Indulge in these heart-shaped brownies featuring fudgy chocolate layers, creamy cheesecake, and a vibrant raspberry swirl.
Prep Time 30 minutes
Cook Time 35 minutes
Total Time 2 hours 5 minutes
Servings: 12 pieces
Course: Dessert, Sweet Treat
Cuisine: American
Calories: 250

Ingredients
  

Raspberry Sauce
  • 1 cup raspberries (fresh or thawed frozen)
  • 1 tablespoon granulated sugar
  • 1 teaspoon vanilla extract
Cheesecake Layer
  • 8 oz cream cheese, room temperature
  • 1/3 cup granulated sugar
  • 1 large egg, room temperature
  • 1/2 teaspoon vanilla extract
Brownie Base
  • 1 cup all-purpose flour (or gluten-free blend)
  • 3/4 cup Dutch-process cocoa powder, sifted
  • 1/4 teaspoon salt
  • 3/4 + 2 tablespoons refined coconut oil or neutral oil
  • 1 1/2 cups granulated sugar
  • 1 tablespoon vanilla extract
  • 3 large eggs, room temperature

Method
 

Prepare Raspberry Sauce
  1. Simmer raspberries, sugar, and vanilla over medium heat for 5–8 minutes until thickened.

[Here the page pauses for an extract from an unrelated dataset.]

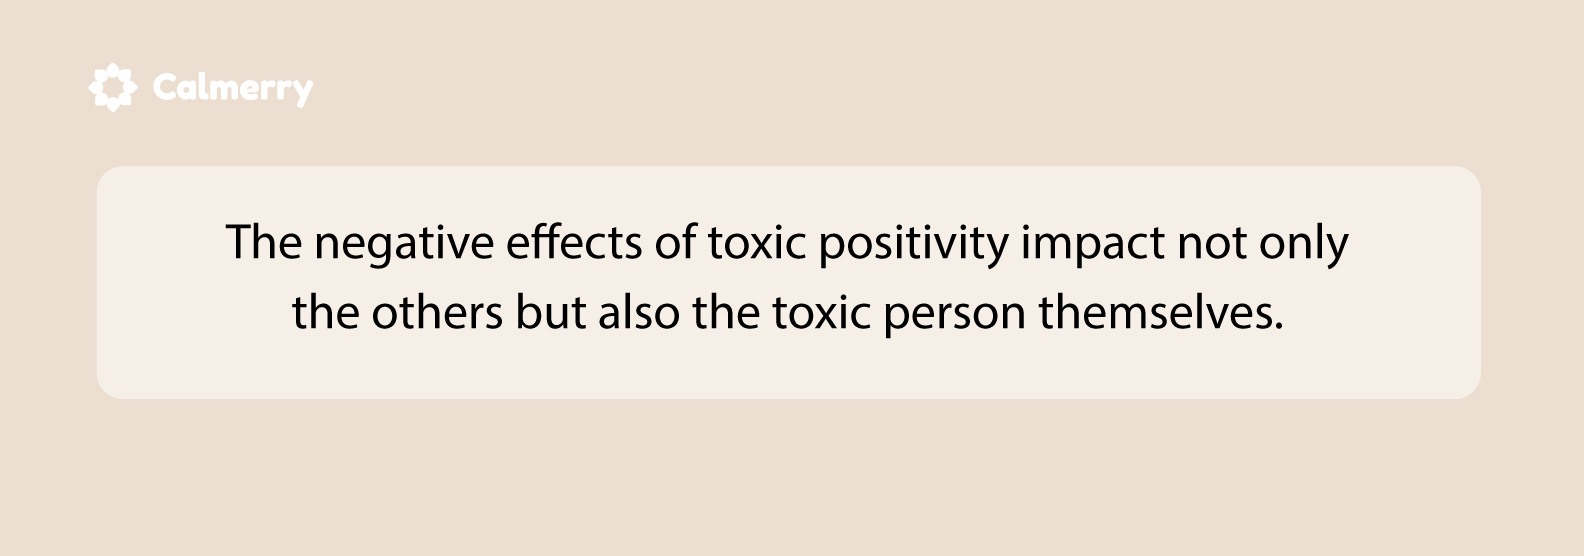 Toxic positivity impacts the toxic person, as well as the others

Strain to remove seeds and set aside.
Make Cheesecake Layer
  1. Beat cream cheese and sugar until smooth. Add egg and vanilla, then mix until creamy.
Prepare Brownie Mixture
  1. Whisk flour, cocoa, and salt in one bowl. In another, mix oil, sugar, and vanilla. Add eggs one by one and combine both mixtures just until blended.
Bake
  1. Spread brownie batter in lined pan. Pour cheesecake mixture on top. Spoon raspberry sauce over and swirl gently with a skewer.
  2. Bake at 350°F for 30–35 minutes. Cool completely, then chill for 2 hours.
  3. Cut into heart shapes and serve.

Notes

Serve warm-ish or chilled; dust with powdered sugar if desired. Store in an airtight container in the refrigerator for up to 4 days or freeze for up to 2 months.